- [Data provided]
------------------------------------------------------------------------
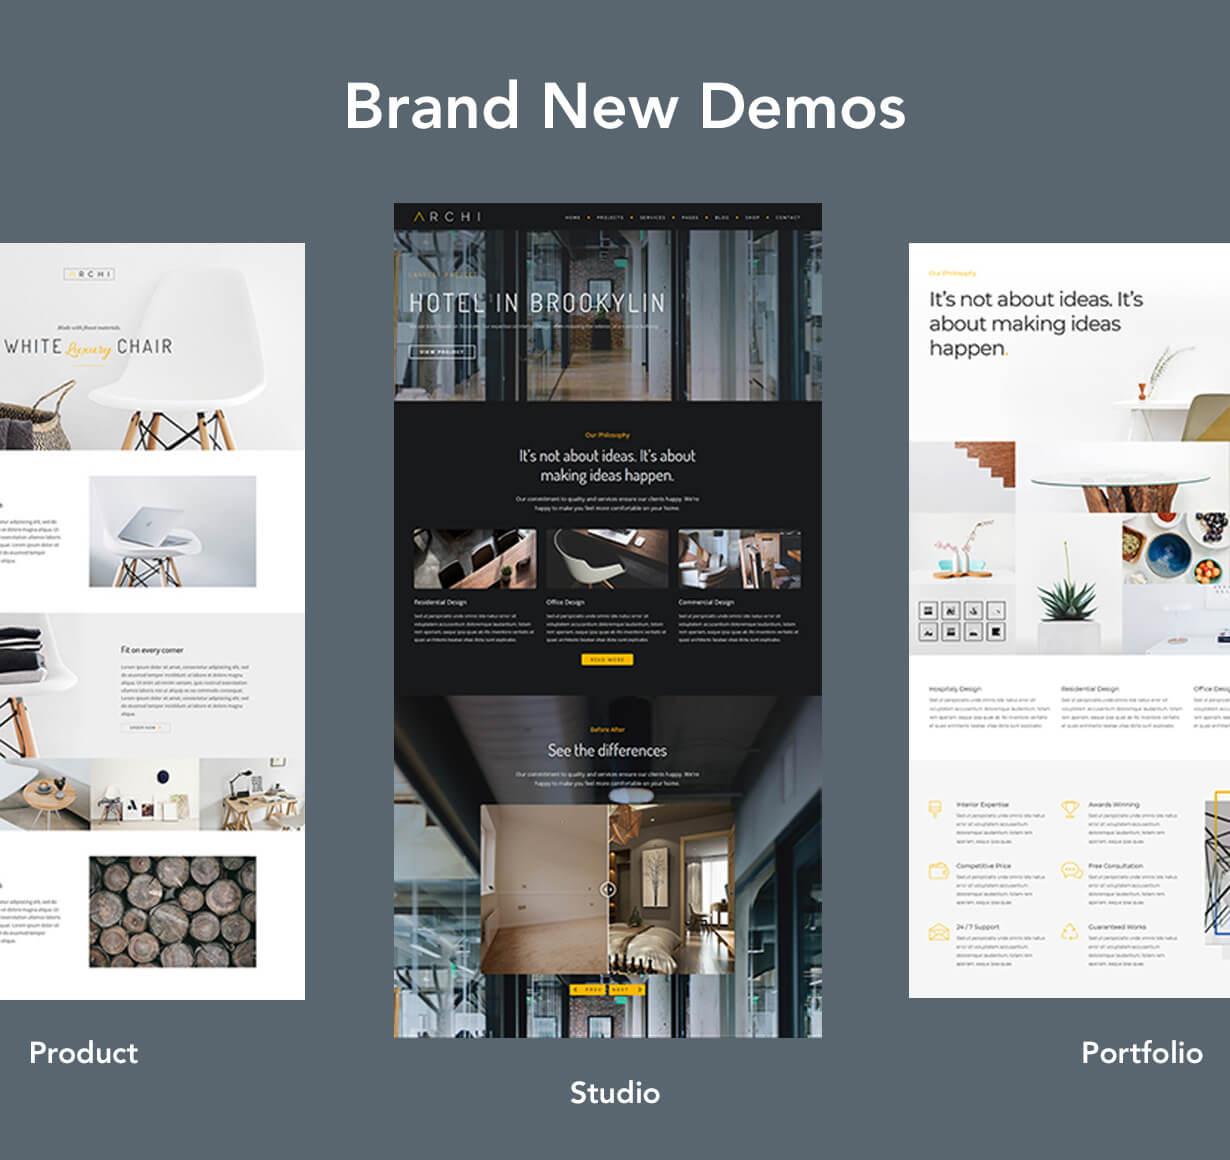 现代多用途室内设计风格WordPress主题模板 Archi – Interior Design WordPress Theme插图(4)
------------------------------------------------------------------------
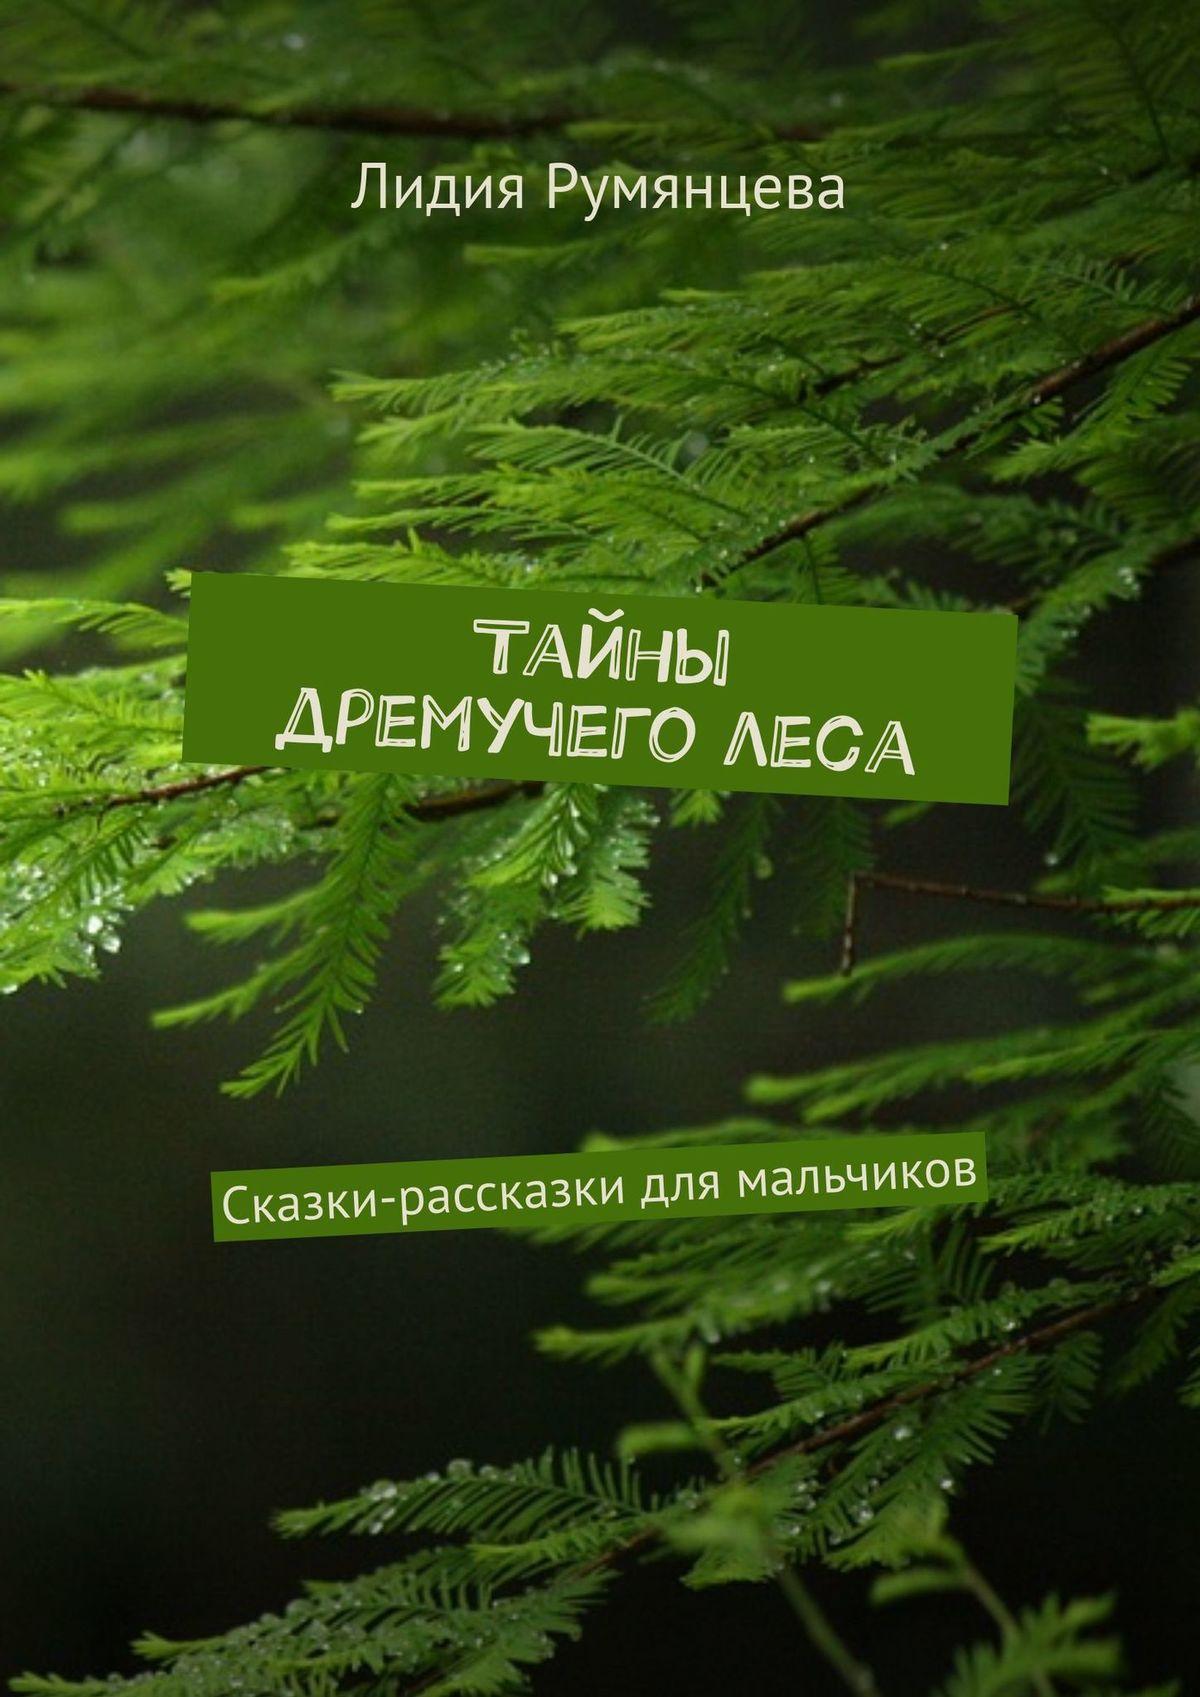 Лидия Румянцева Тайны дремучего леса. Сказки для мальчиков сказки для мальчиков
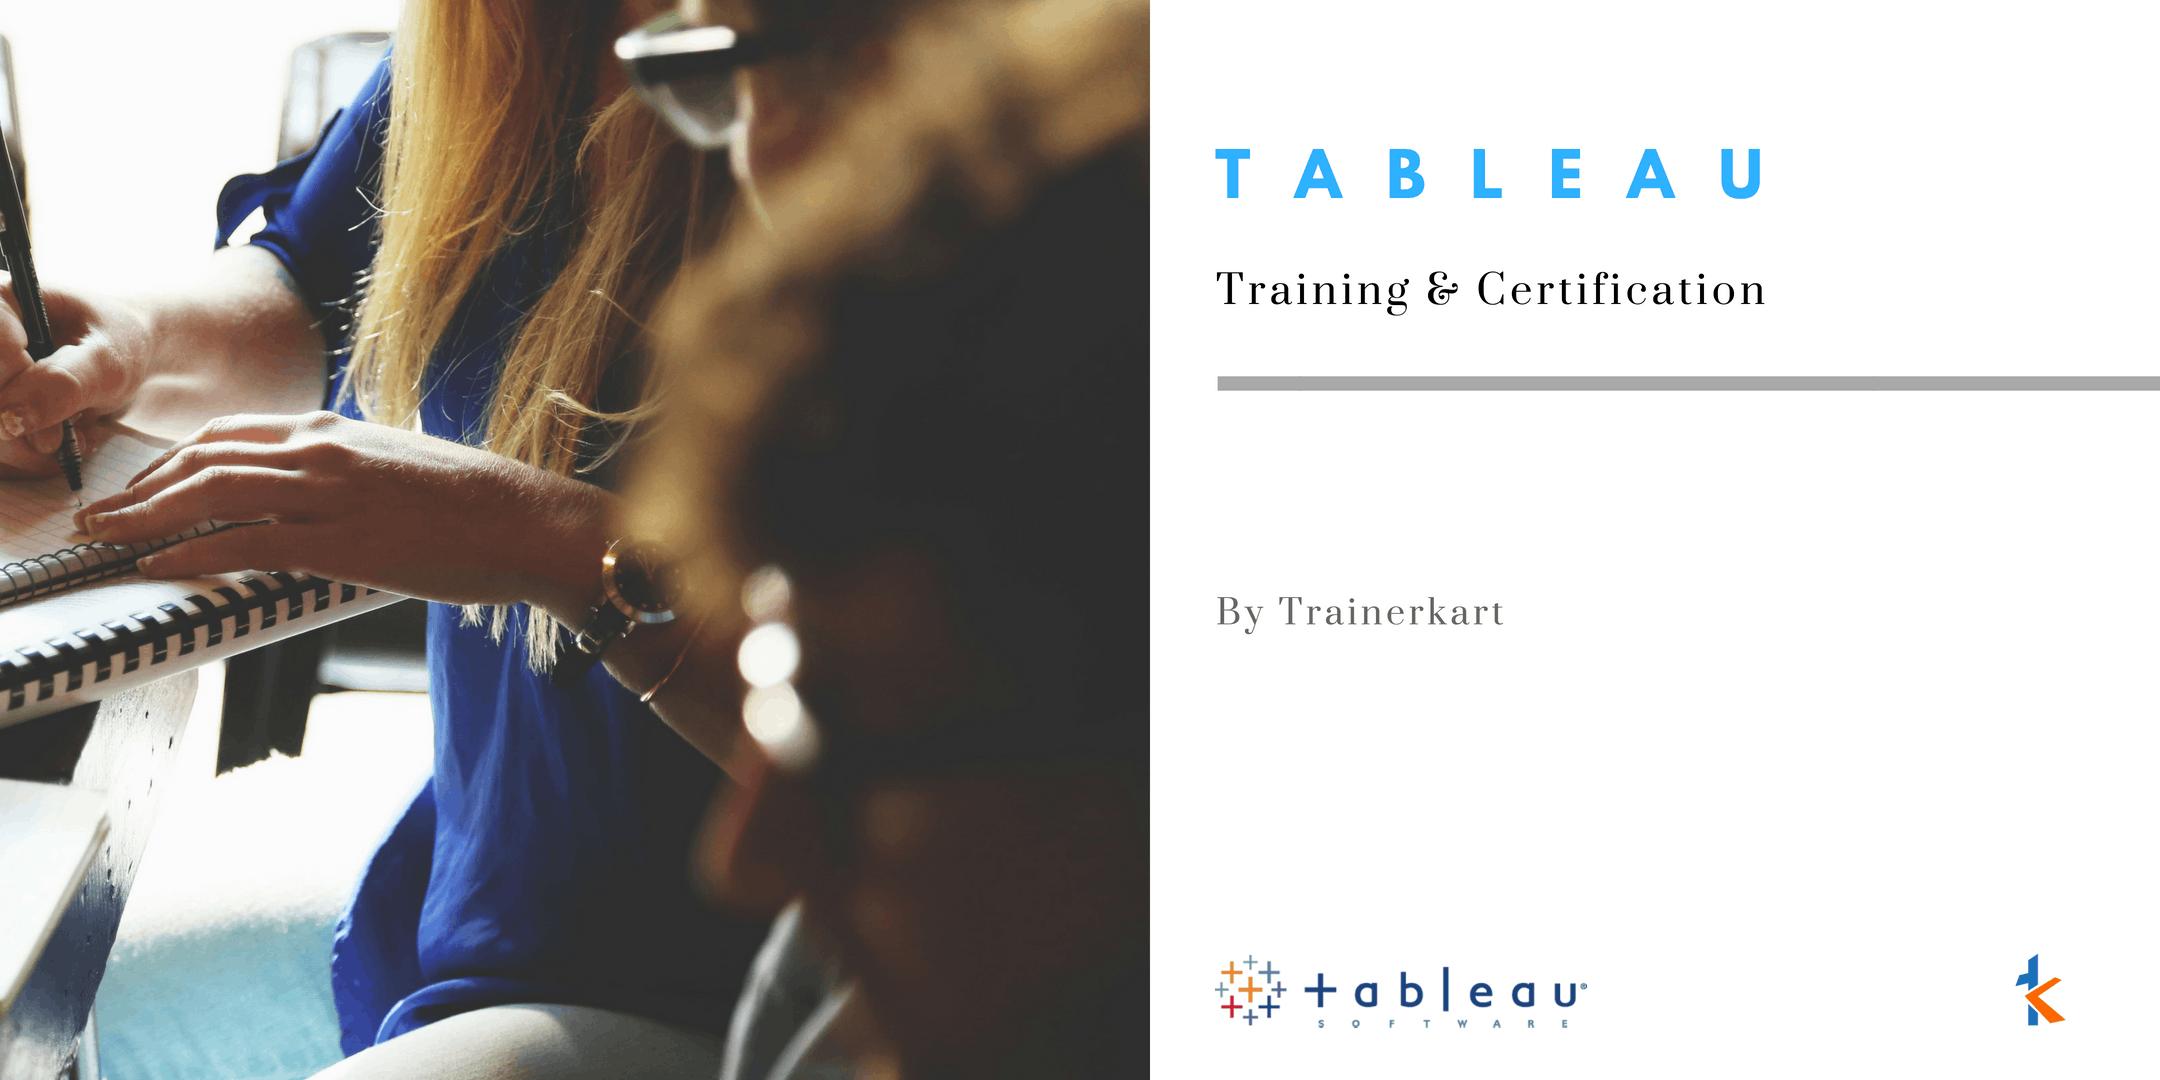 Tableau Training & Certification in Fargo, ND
------------------------------------------------------------------------
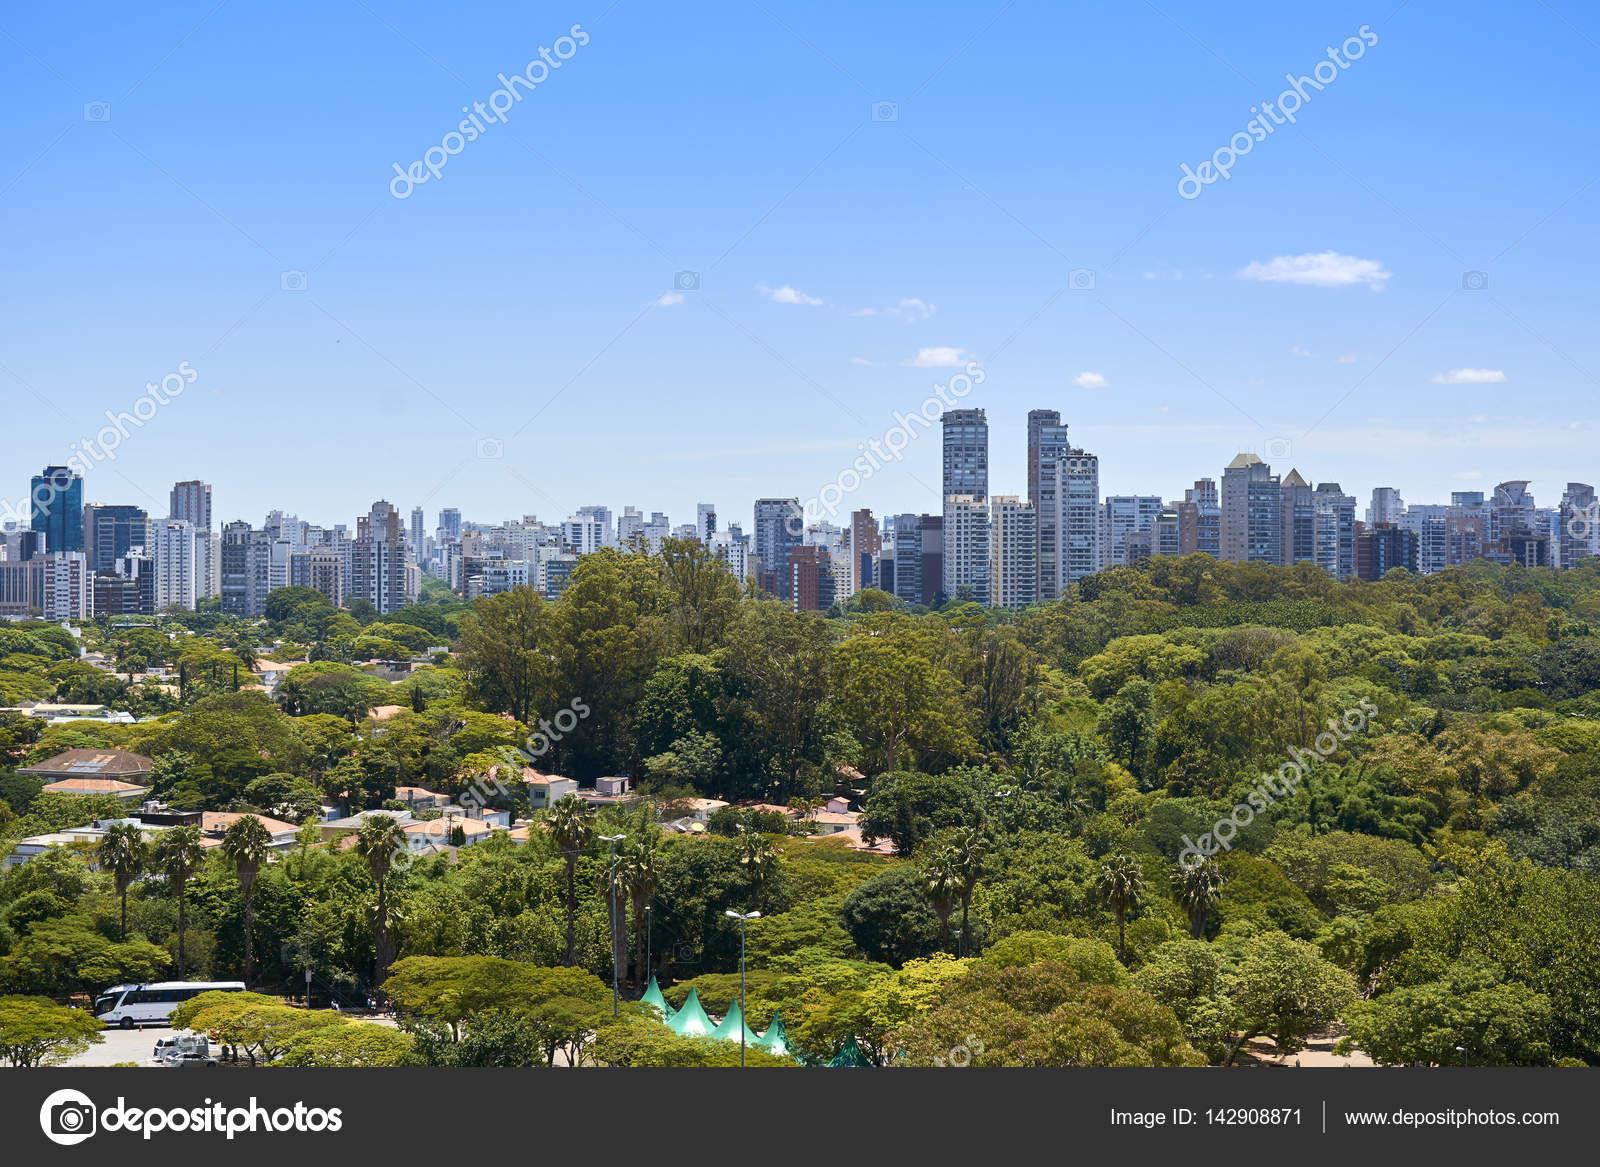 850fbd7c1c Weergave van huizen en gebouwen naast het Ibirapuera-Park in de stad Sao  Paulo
------------------------------------------------------------------------
- [What you are asked to do] Precisely those lines above that run from the line with "Лидия Румянцева Тайны" up to and including the line with "Tableau Training &" are to be set down, with the pictures omitted.

- [Task result]
 Лидия Румянцева Тайны дремучего леса. Сказки для мальчиков сказки для мальчиков
 Tableau Training & Certification in Fargo, ND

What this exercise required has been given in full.